– Не думаете расстаться с ним? – спросила Элеонора, ревновавшая Диксона к новым хозяевам.
– Ни в коем разе! Мы с ним большие друзья. Да и миссис Осбалдистон не захочет отпустить его, я уверен. Просто некоторые дамы ждут, что работник будет заглядывать им в глаза, а старина Диксон этой науке не обучен.
Элеонора промолчала. Они подошли к цветнику, пробуждавшему у нее жуткие воспоминания. Она не могла говорить. Ей казалось, что она и двинуться не сможет, как ни старайся, – такое чувство посещает нас в ночных кошмарах, – однако еще прежде, чем ее ужас достиг своего апогея, они миновали цветник и в голове у нее вновь просветлело. Мистер Осбалдистон продолжал между тем занимать ее легкой беседой:
– В конце концов, мы вознаграждены за послушание, мисс Уилкинс, за то, что неукоснительно исполнили вашу волю: если железная дорога пройдет через ясеневую рощу, представляете нашу жизнь без этих зарослей? Пришлось бы целыми днями смотреть на поезда, и грохот был бы намного слышнее. Так вы решительно отказываетесь зайти в дом, мисс Уилкинс? Миссис Осбалдистон велела сказать вам, какая радость для нас… Что ж! Я могу понять ваши чувства… Конечно, конечно! Это кратчайший путь в город, мы и сами всегда ходим через конный двор, в нашем возрасте ни к чему делать лишний крюк, но у молодежи свои предпочтения… Ха, – добродушно воскликнул он, – Диксон тут как тут, высматривает свою мисс Элеонору, которая у него с языка не сходит. Старый ворчун, – доверительно сообщил он ей, – вечно недоволен посадкой наших дочерей и знай себе твердит, что им бы поучиться ездить верхом у «барышни»…

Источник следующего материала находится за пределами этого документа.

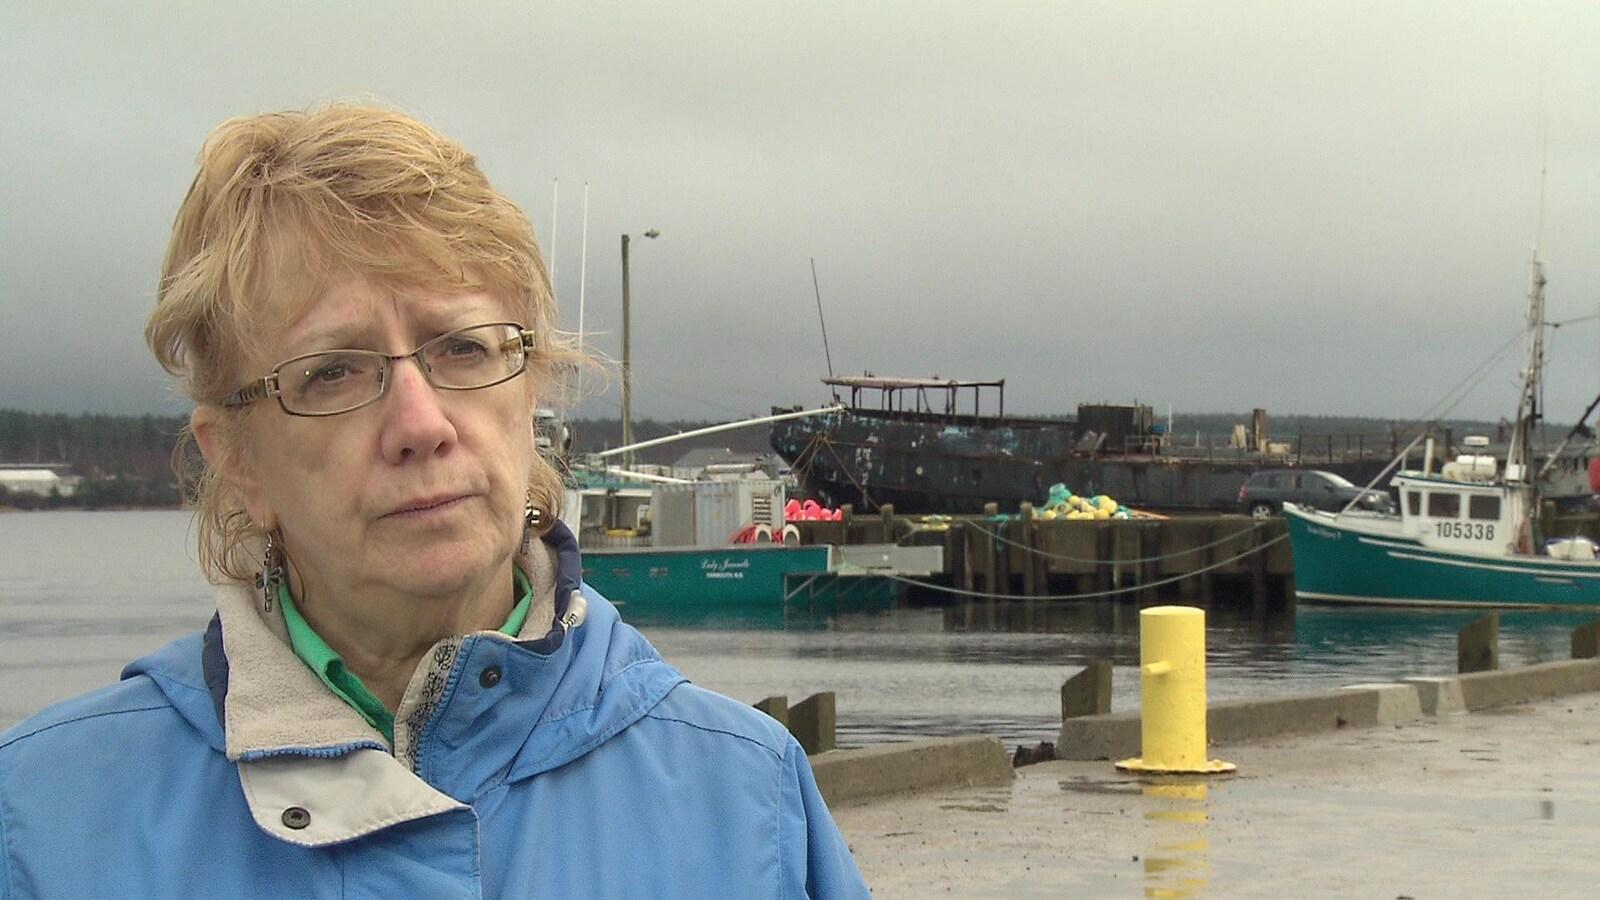 Karen Mattatall dans le port devant des bateaux.

– Ничего не попишешь, сэр, у них совсем не та манера править, и в седле болтаются, как куль с мукой. То ли дело мисс Элеонора…

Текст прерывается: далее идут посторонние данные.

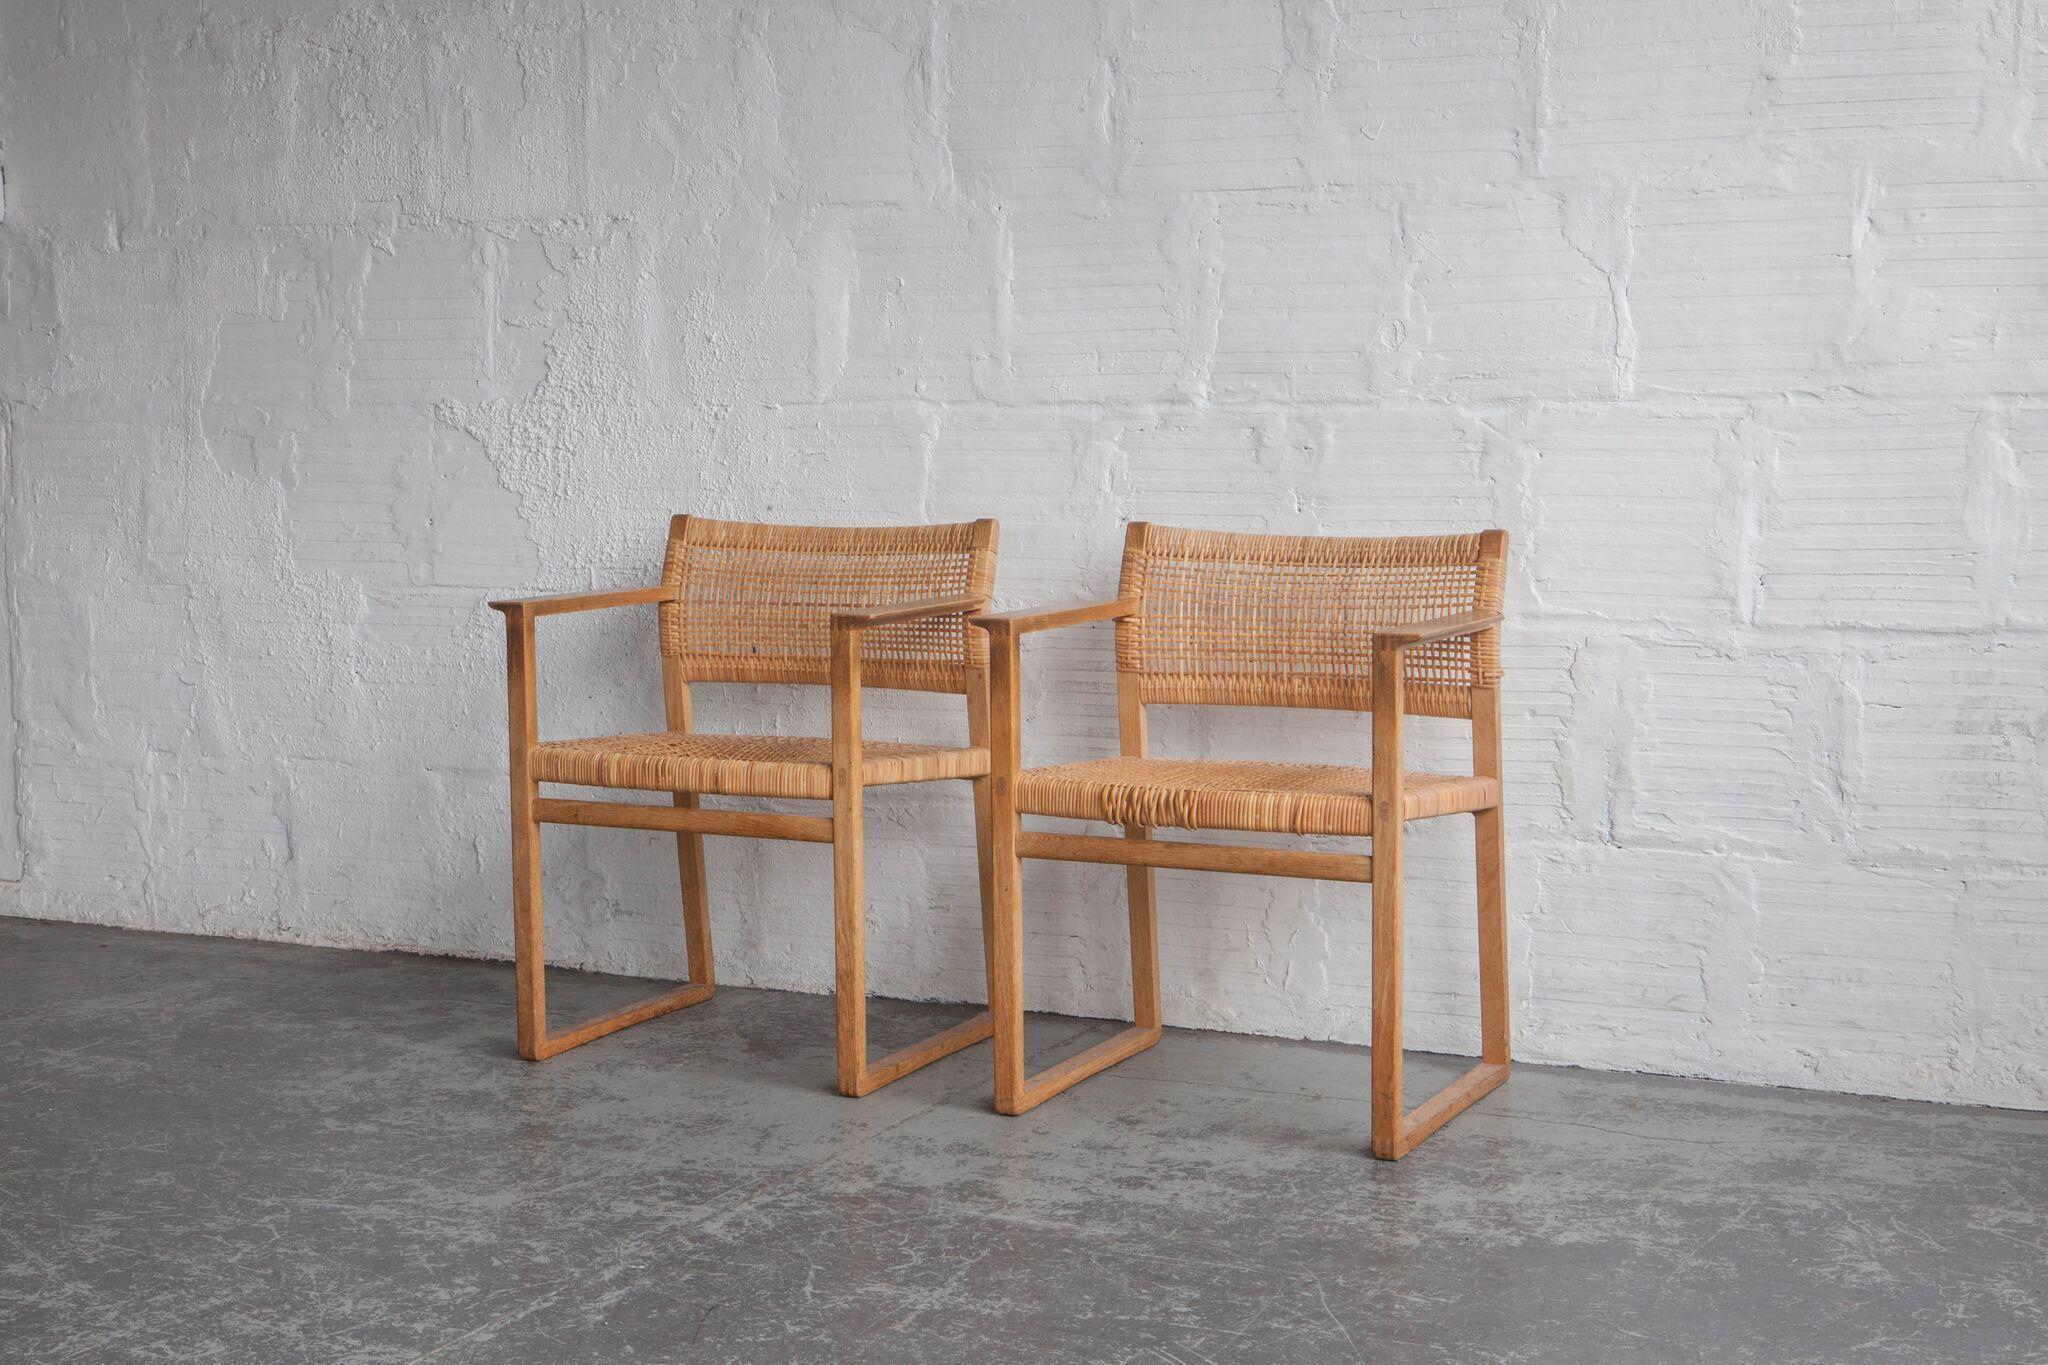 Borge Mogensen Bm62 Oak Rattan Chair Rattanchair Rattan Chair

– Замолчи, Диксон! – остановила она его: понятно теперь, почему хозяйка недолюбливает старика. – Разрешите мне забрать у вас Диксона на часок, нам нужно вместе уладить одно дело, пока я здесь.
Получив согласие, они молча, явно договорившись заранее, направились в сторону кладбища: Диксон хотел показать Элеоноре то место, где он желал бы лежать после смерти. Старательно обходя по высокой, нескошенной траве ушедшие в землю могильные плиты, Диксон подвел Элеонору к свободному клочку земли рядом с могилой своей Молли.
«Незабвенной памяти Мэри Гривз. Род. 1797 – ум. 1818. Расстаемся, чтобы соединиться навеки».
– Я поставил ей памятник на свои первые сбережения, – произнес Диксон, глядя на могильный камень; потом достал нож и начал отчищать буквы. – И сразу сказал себе, что лягу в землю тут, подле нее. У меня на сердце будет спокойнее, если вы исполните мою просьбу и похороните меня здесь. Не думаю, что кто-нибудь другой позарится на это место.
Элеонора сразу ухватилась за возможность доставить Диксону единственное утешение на склоне его лет и пообещала выкупить для него желанный клочок кладбищенской земли. Об иной награде за верную службу он и не мечтал, судя по его реакции. «Вот спасибо вам, мисс Элеонора, уж не знаю, как вас и благодарить!» – растроганно повторял он снова и снова. На следующий день, сажая их в почтовый дилижанс, он опять расчувствовался: «Право, не знаю, как высказать, мисс Элеонора… Душевно благодарен вам, что взялись похлопотать о моей могилке». На том они и простились.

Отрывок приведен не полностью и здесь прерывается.